This assignment makes use of data from a personal activity monitoring device. This device collects data at 5 minute intervals through out the day. The data consists of two months of data from an anonymous individual collected during the months of October and November, 2012 and include the number of steps taken in 5 minute intervals each day.
unzip("activity.zip")
activity <- read.csv("activity.csv", stringsAsFactors = F)
library(dplyr)
##
## Attaching package: 'dplyr'
## The following objects are masked from 'package:stats':
##
## filter, lag
## The following objects are masked from 'package:base':
##
## intersect, setdiff, setequal, union
library(lubridate)
##
## Attaching package: 'lubridate'
## The following object is masked from 'package:base':
##
## date
h_activity <- as_tibble(activity)
For this part of the assignment, you can ignore the missing values in the dataset.
data1 <- filter(h_activity, !is.na(h_activity$steps))
total_steps <- tapply(data1$steps, data1$date, sum)
hist(total_steps, col = "cadetblue1", main = "Histogram of Total Steps per Day", xlab = "Steps", panel.first = grid(), ylim = c(0, 30))
mean(total_steps)
## [1] 10766.19
median(total_steps)
## [1] 10765
average_steps <- tapply(data1$steps, data1$interval, mean)
plot(unique(data1$interval), average_steps, type = "l", xlab = "Intervals", ylab = "Steps", main = "Average Daily Activity", panel.first = grid())
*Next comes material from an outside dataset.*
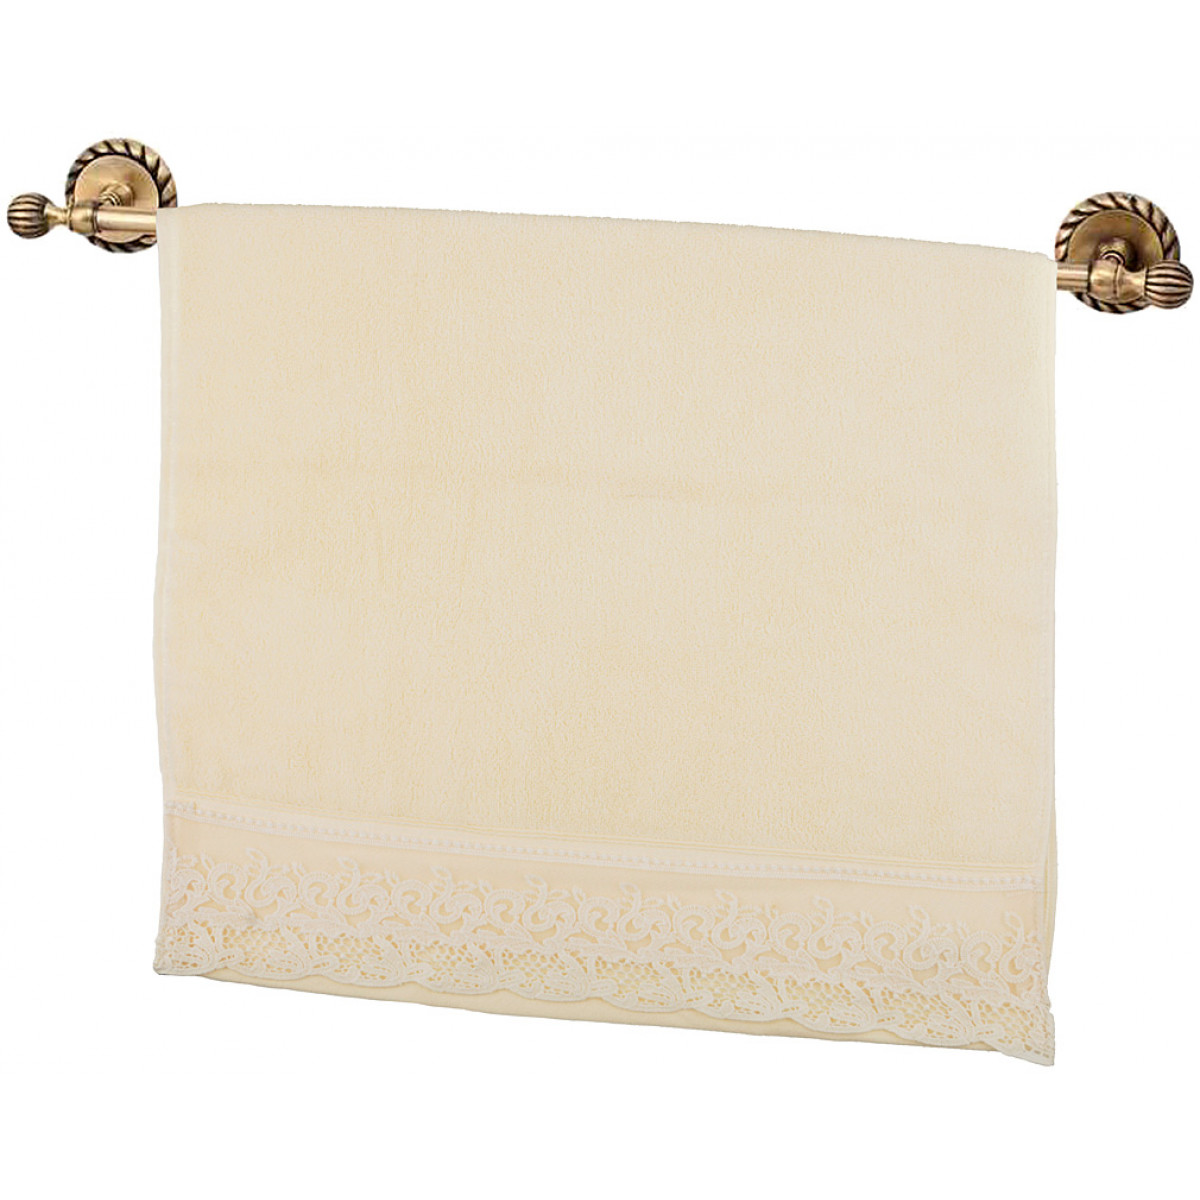 Полотенца Santalino Полотенце Heleen  (50х90 см) полотенца santalino полотенце shulamite 40х70 см
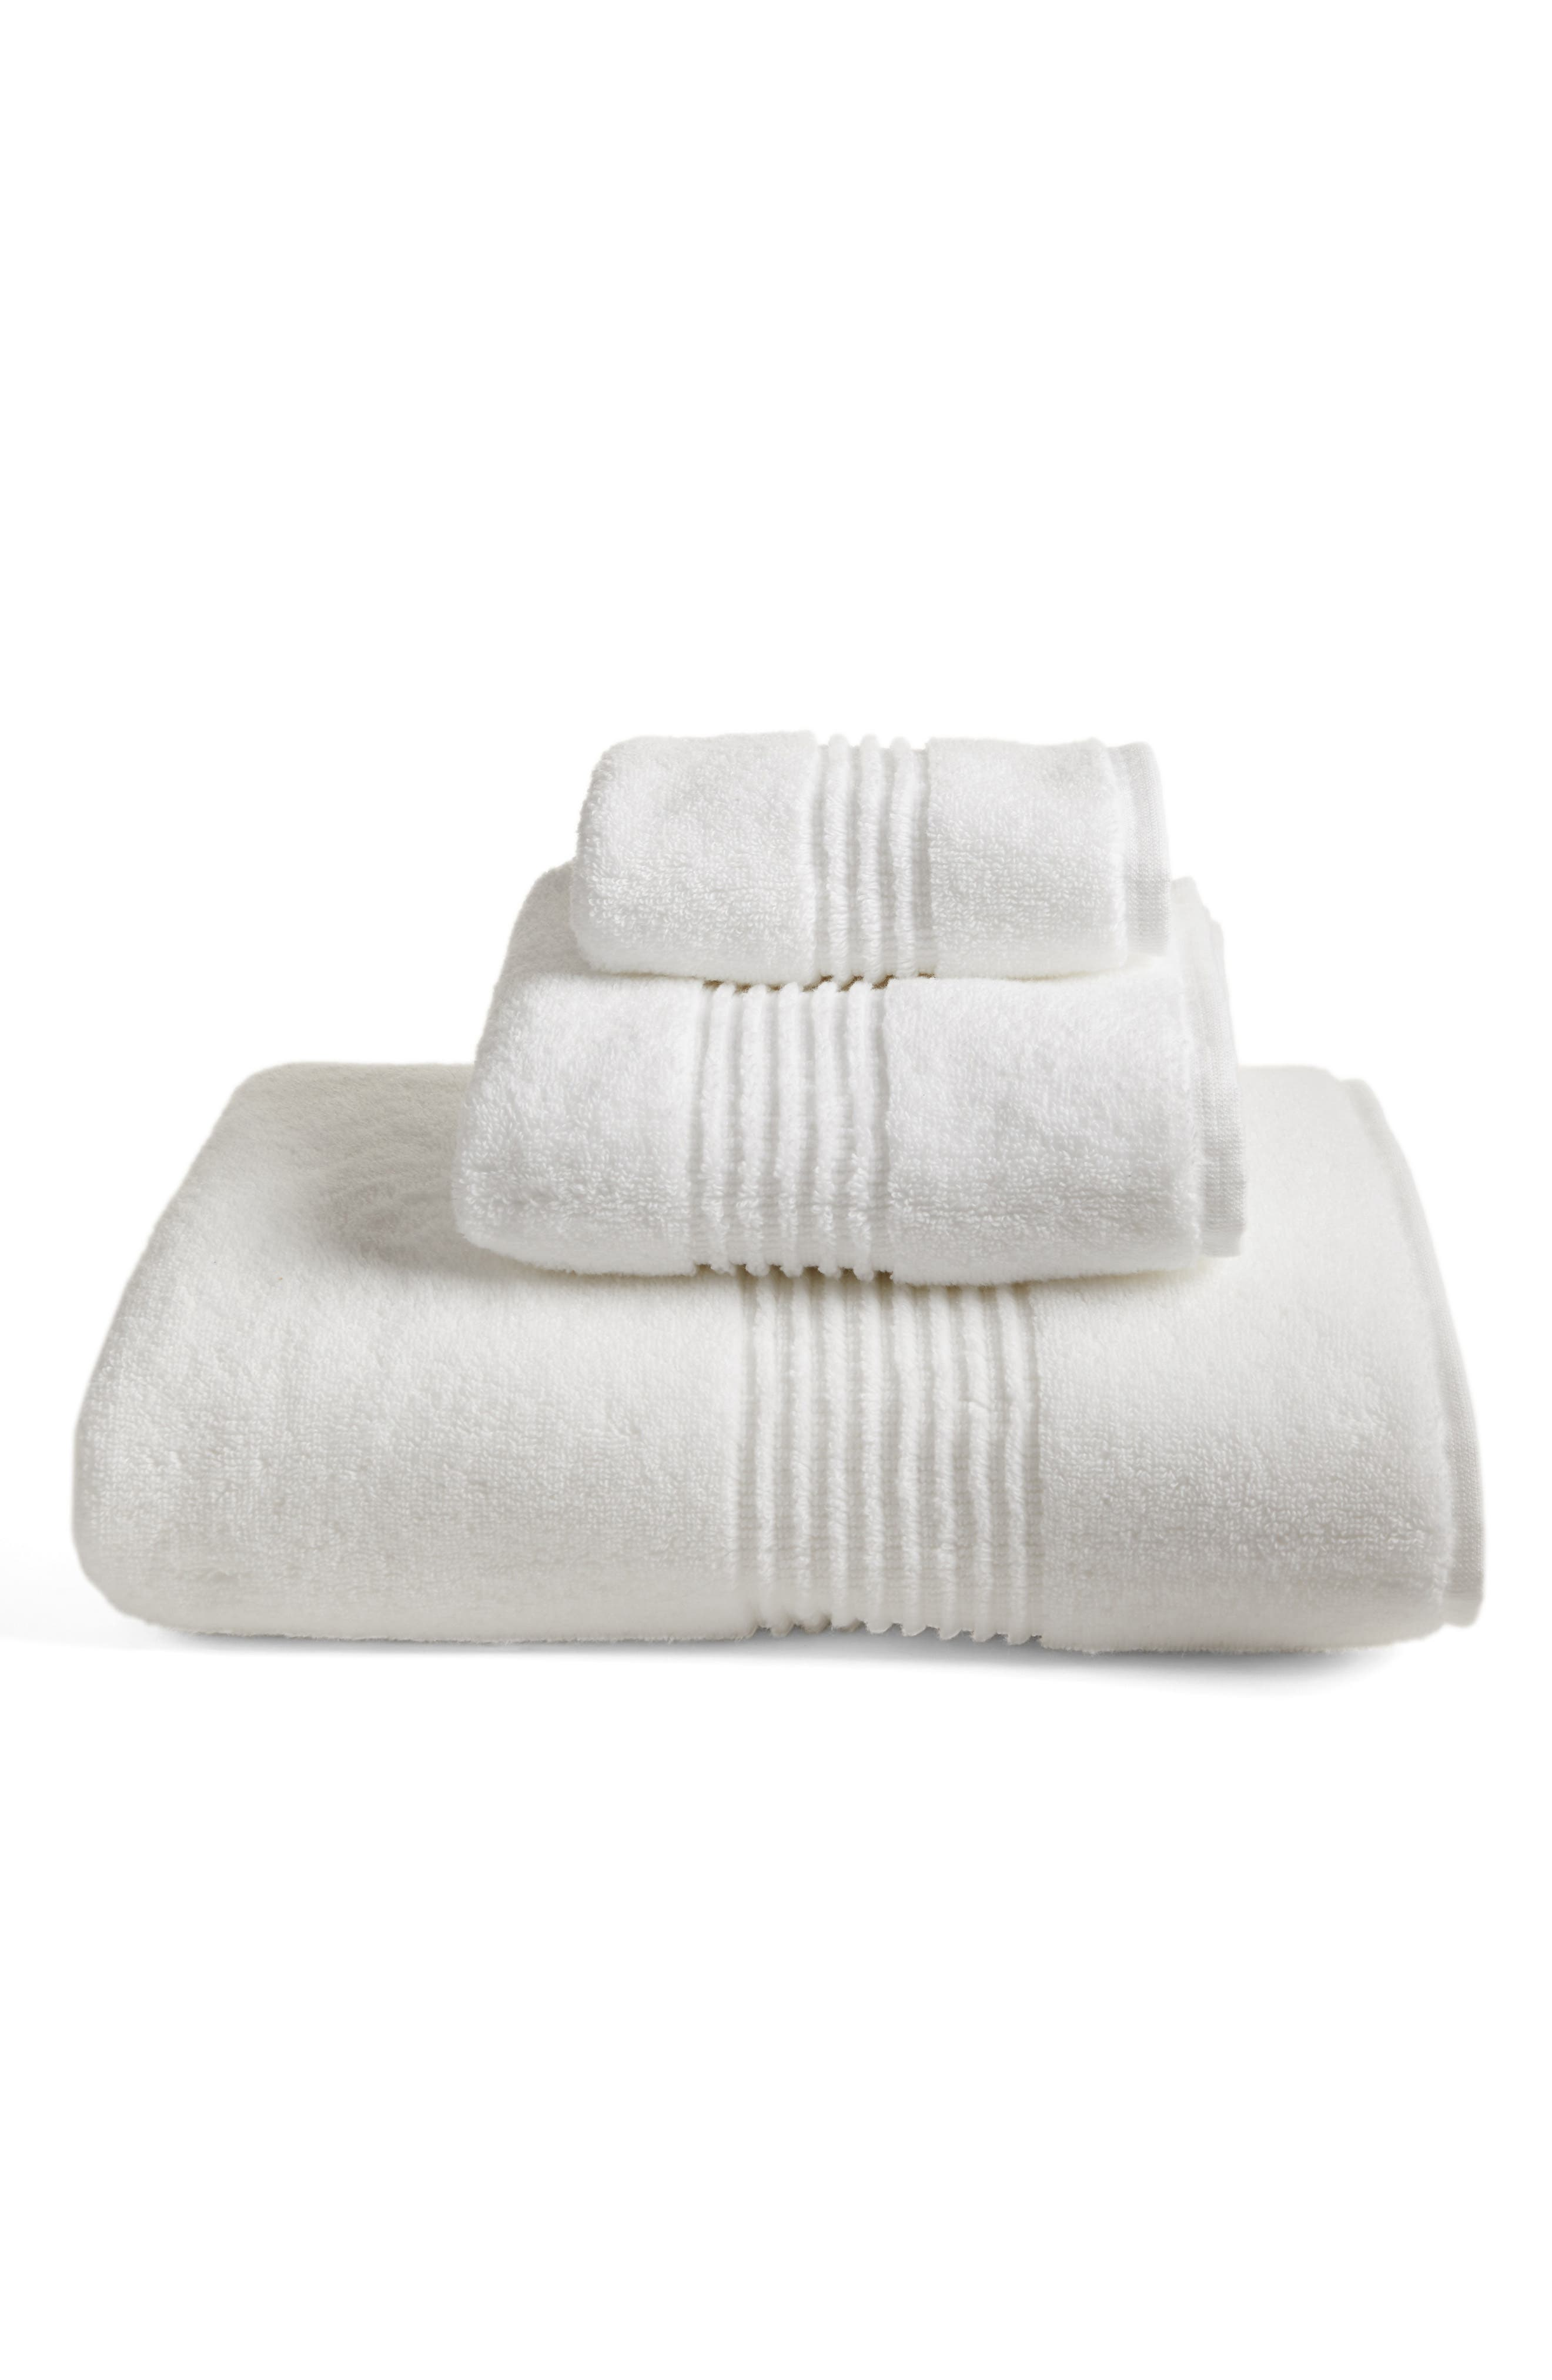 Organic Hydrocotton Heathered Bath Towel,                             Main thumbnail 1, color,                             100

dimnames(average_steps)[[1]][match(max(average_steps), average_steps)]
## [1] "835"
Note that there are a number of days/intervals where there are missing values (coded as NA). The presence of missing days may introduce bias into some calculations or summaries of the data.
nas <- is.na(h_activity$steps)
data2 <- h_activity[nas,]
nrow(data2)
## [1] 2304
In this case, the strategy consider the mean per 5-minute interval
h_activity2 <- h_activity
na_dates <- table(data2$date)
df_range <- data.frame()
for (i in 1:dim(na_dates)) {
df_range[i, 1:2] <- range(which(h_activity2$date == dimnames(na_dates)[[1]][i]))
}
for (i in 1:dim(na_dates)) {
h_activity2[df_range[i,1]:df_range[i,2], 1] <- average_steps
}
total_steps2 <- tapply(h_activity2$steps, h_activity2$date, sum)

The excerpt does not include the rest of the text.